There is also a heavenly bureaucracy at work in the folk tradition. The Kitchen God, who watches each household through the year, is said to ascend to heaven a week before the new year to report on the family’s conduct, and households smear his paper image with sticky sweets so that he will speak only sweetly, or say nothing at all.
How It Is Celebrated
The reunion dinner on New Year’s Eve is the emotional centre, a meal at which absent family members are conspicuous by their absence and every effort is made to be present. Dishes are chosen for the puns and blessings hidden in their names. Fish, yu, sounds like the word for surplus, so a whole fish is served and pointedly not finished, expressing the wish for abundance to carry over into the coming year. Dumplings shaped like old silver ingots promise wealth in the north; sticky rice cake, niangao, sounds like “higher year” and promises advancement in the south; long uncut noodles stand for long life.

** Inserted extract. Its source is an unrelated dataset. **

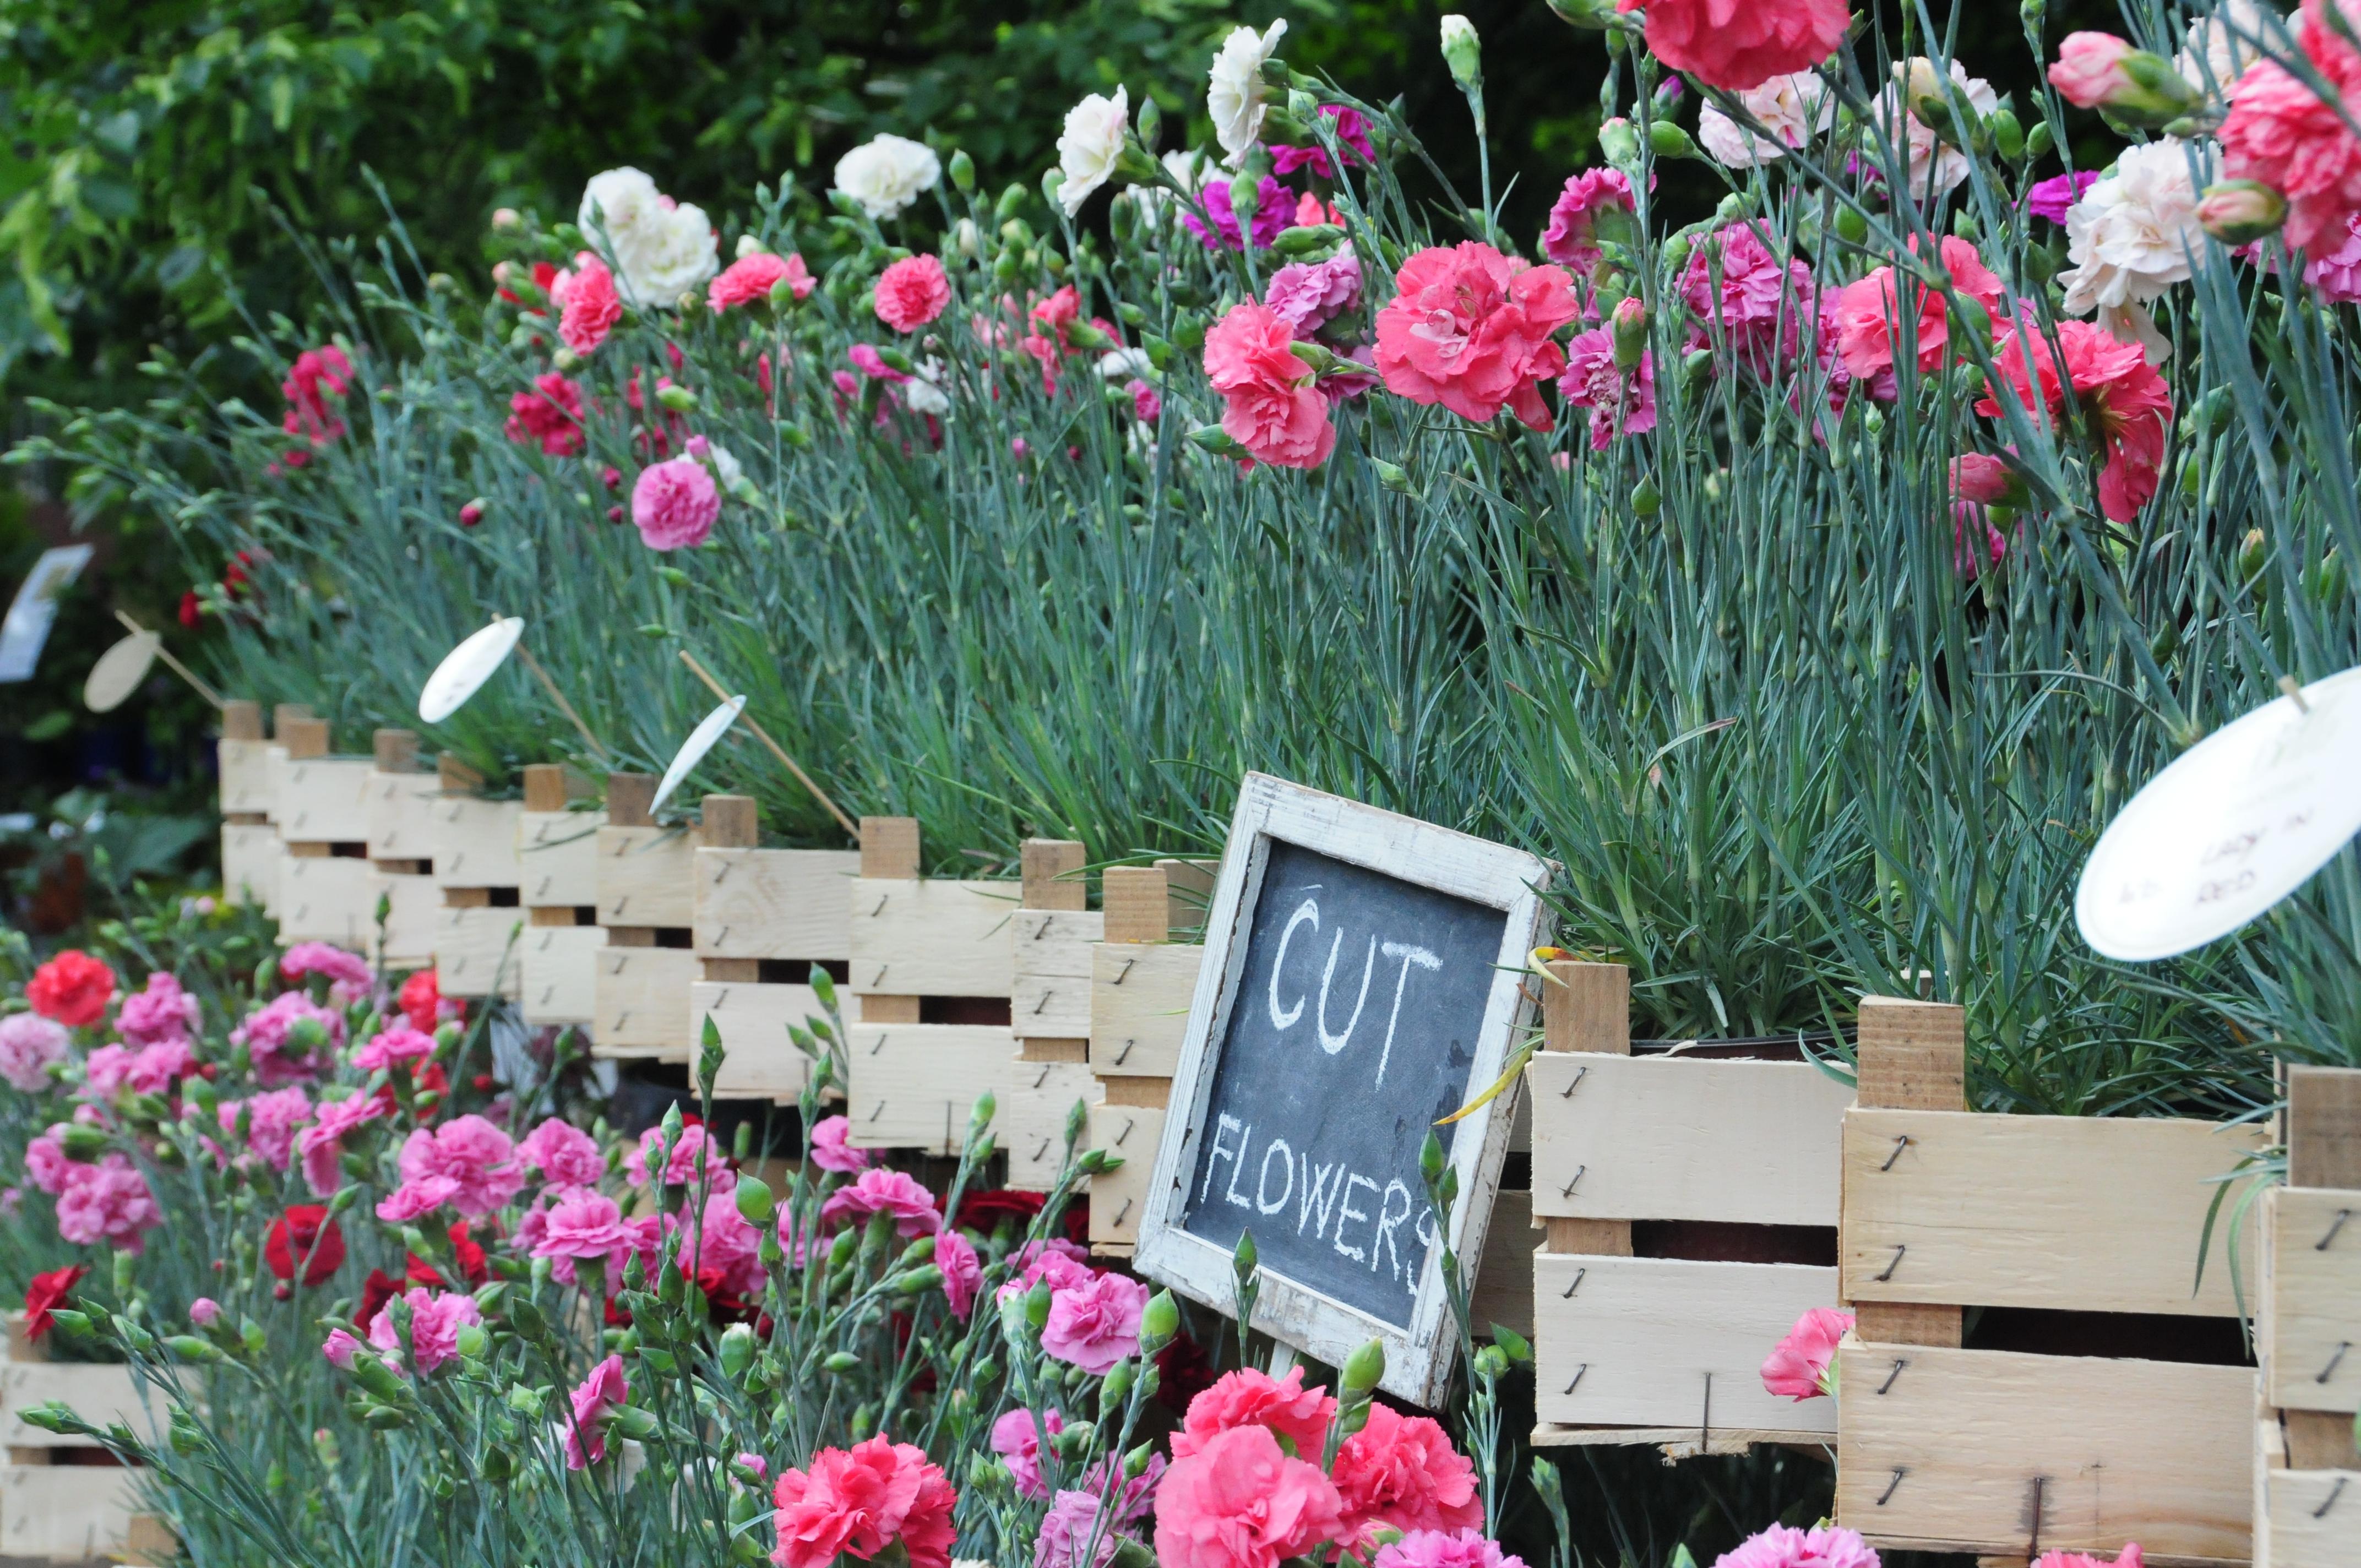 Fiori Da Giardino Roccioso garofani da taglio, una nuova formula per divertirsi in

The following morning children offer new-year greetings to their elders and receive hongbao, red envelopes of money, the sum kept to even numbers and never containing the unlucky four. Homes are hung with couplets of poetry on red paper flanking the doorways, and the character fu, fortune, is pasted up deliberately upside down, because the phrase for “upside-down fortune” sounds like “fortune has arrived”. Over the fifteen days that follow, families visit relatives and friends in a set order, temples fill with worshippers, and the festival ends with the Lantern Festival on the fifteenth night, when the first full moon of the year is greeted with glowing lanterns, riddles written on their sides, and sweet glutinous rice balls called tangyuan.

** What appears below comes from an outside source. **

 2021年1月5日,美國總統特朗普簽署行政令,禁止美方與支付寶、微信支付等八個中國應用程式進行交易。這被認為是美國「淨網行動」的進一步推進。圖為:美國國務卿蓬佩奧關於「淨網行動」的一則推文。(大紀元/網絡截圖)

Each of the fifteen days carries its own small rules. The first days are for the closest family and are hedged with taboos: no sweeping, in case one sweeps away the year’s good luck, no washing of hair on the first day, lest fortune be rinsed out, and no breaking of crockery or speaking of death, illness or debt. The second day is often when married daughters return to visit their own parents, having spent the eve with their husbands’ families. The seventh day, renri, is reckoned everyone’s shared birthday, the day humanity itself was created in one old myth, and the fifteenth brings the lanterns and the end of the season, after which normal life resumes and the decorations come down.
Beyond China
The festival is far from Chinese alone. In Korea it is Seollal, a quieter, more solemn family observance centred on ancestral rites called charye and a bow of respect, sebae, to elders; the traditional dish is tteokguk, a rice-cake soup, and eating a bowl is said to add a year to one’s age. In Vietnam it is Tết Nguyên Đán, usually just Tết, the most important holiday of the year, marked by kumquat trees, peach and apricot blossom, and square sticky-rice cakes called bánh chưng wrapped in green leaves. Mongolia keeps Tsagaan Sar, the White Moon festival, with mountains of steamed dumplings and stacked pastries. The Vietnamese and Korean dates can differ from the Chinese by a day when the new moon falls awkwardly across time zones.
Fun Facts
The dragon dance and lion dance are often confused: a lion is worked by two performers and moves like an animal, while a dragon is carried aloft on poles by a whole team and can stretch to enormous lengths — one made in Hong Kong ran over three thousand metres. Chinese New Year is a public holiday across East Asia and in places with large Chinese communities, including Malaysia, Singapore, Indonesia, the Philippines, Mauritius and Suriname. The colour and number superstitions are taken seriously enough that flat prices, phone numbers and wedding dates are chosen around the lucky eight and away from the unlucky four. And the reason the whole festival is sometimes called “Spring Festival” despite falling in the depth of winter is the old Chinese reckoning of the seasons, in which spring begins around early February, at the solar term called lichun.
A Closing Reflection
For a festival built around a monster and a heavenly kitchen inspector, Lunar New Year rests on a very human foundation: the pull of home. The chunyun migration is not really a logistical marvel to be admired from outside; it is what it looks like when an entire civilisation decides, all at once, that being at one table with one’s parents for one meal is worth a two-day journey. The lanterns and the firecrackers and the red envelopes are the decoration around that decision. Other movable feasts turn on the same instinct to gather at a fixed moment — Easter Sunday and Diwali both send families home against the calendar of the moon — and the strength of Lunar New Year is that it has kept several billion people making that journey year after year, through empire, republic and revolution, and shows no sign of stopping.